Again, this is not easy. This love that Paul is talking about is not just a matter of trying harder or looking at things from a different perspective. This kind of love is impossible. We are just not equipped as human beings to love this kind of way. We might possibly have that kind of love towards our own children, but to be honest that’s just about it and even then not always. Yet, God expects us to show that kind of love to everyone. It’s just not natural. But it is possible with the help of God. Jesus sent his Holy Spirit to live in us, to help us live this kind of love. It is not really our love but God’s love shining through us. And again this is not an emotion, this is a conscious decision to live this way with God’s help.
God’s love is about doing all those things that we have already mentioned. Being patient, kind, not jealous, not proud or boastful, it is not rude, it is not self-seeking, it is not easily angered, it keeps no record of wrongs, it does not delight in evil but rejoices with the truth. But it does all of these things amidst adversity and among real people who don’t return it and never gives up. Paul was not writing about how people were to behave only in the church or when they get to heaven.

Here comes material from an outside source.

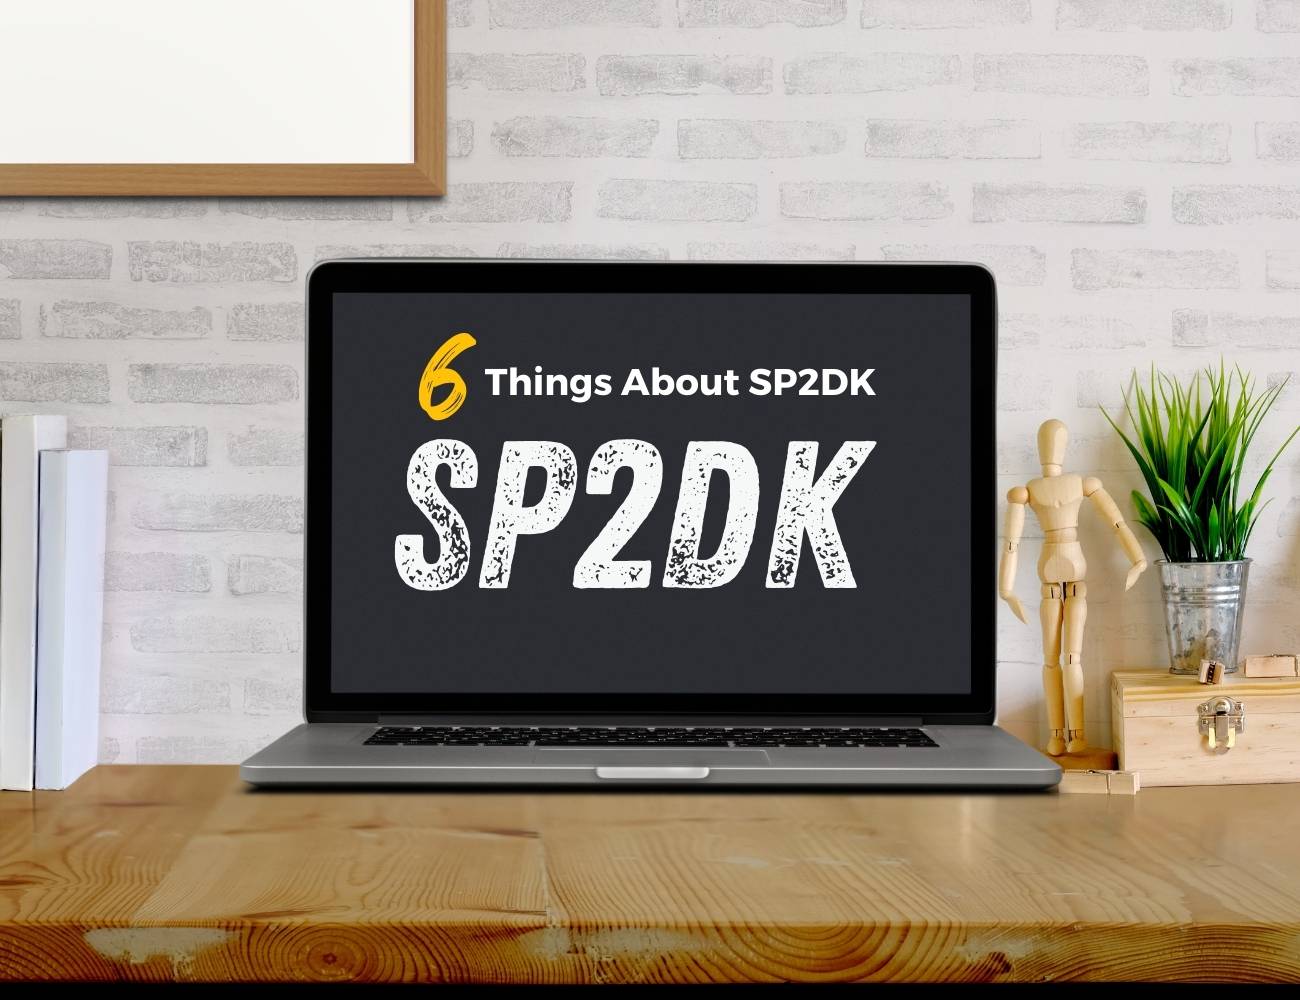                     Six Things to Know About SP2DK

He was writing to tell people how to live their lives in the real world, with real people, who aren’t patient, aren’t kind, are jealous, proud, boastful, rude, self-seeking and easily angered. Jesus calls us to live this kind of lifestyle amid a fallen and sinful world. That’s what it means to say love that endures through every circumstances. It means never giving up when those around you give you every reason to give up. It mean always being hopeful even when you cannot see any hope. It means trusting to God, that he will give you the strength and the energy even when all of yours is gone and you feel like your at the the end of the rope and you really can’t put up with any more. Love that never looks back but keeps going to the end.
Conclusion
And so I want to leave you with this challenge. To live this kind of unbreakable love. To live this love in a real world and not give up. Again this is one where God might have highlighted something this morning, but it means going home and asking God, does this one apply to me. Is there anything here I need to work on. As before maybe not. But this is one I think we all have to work on.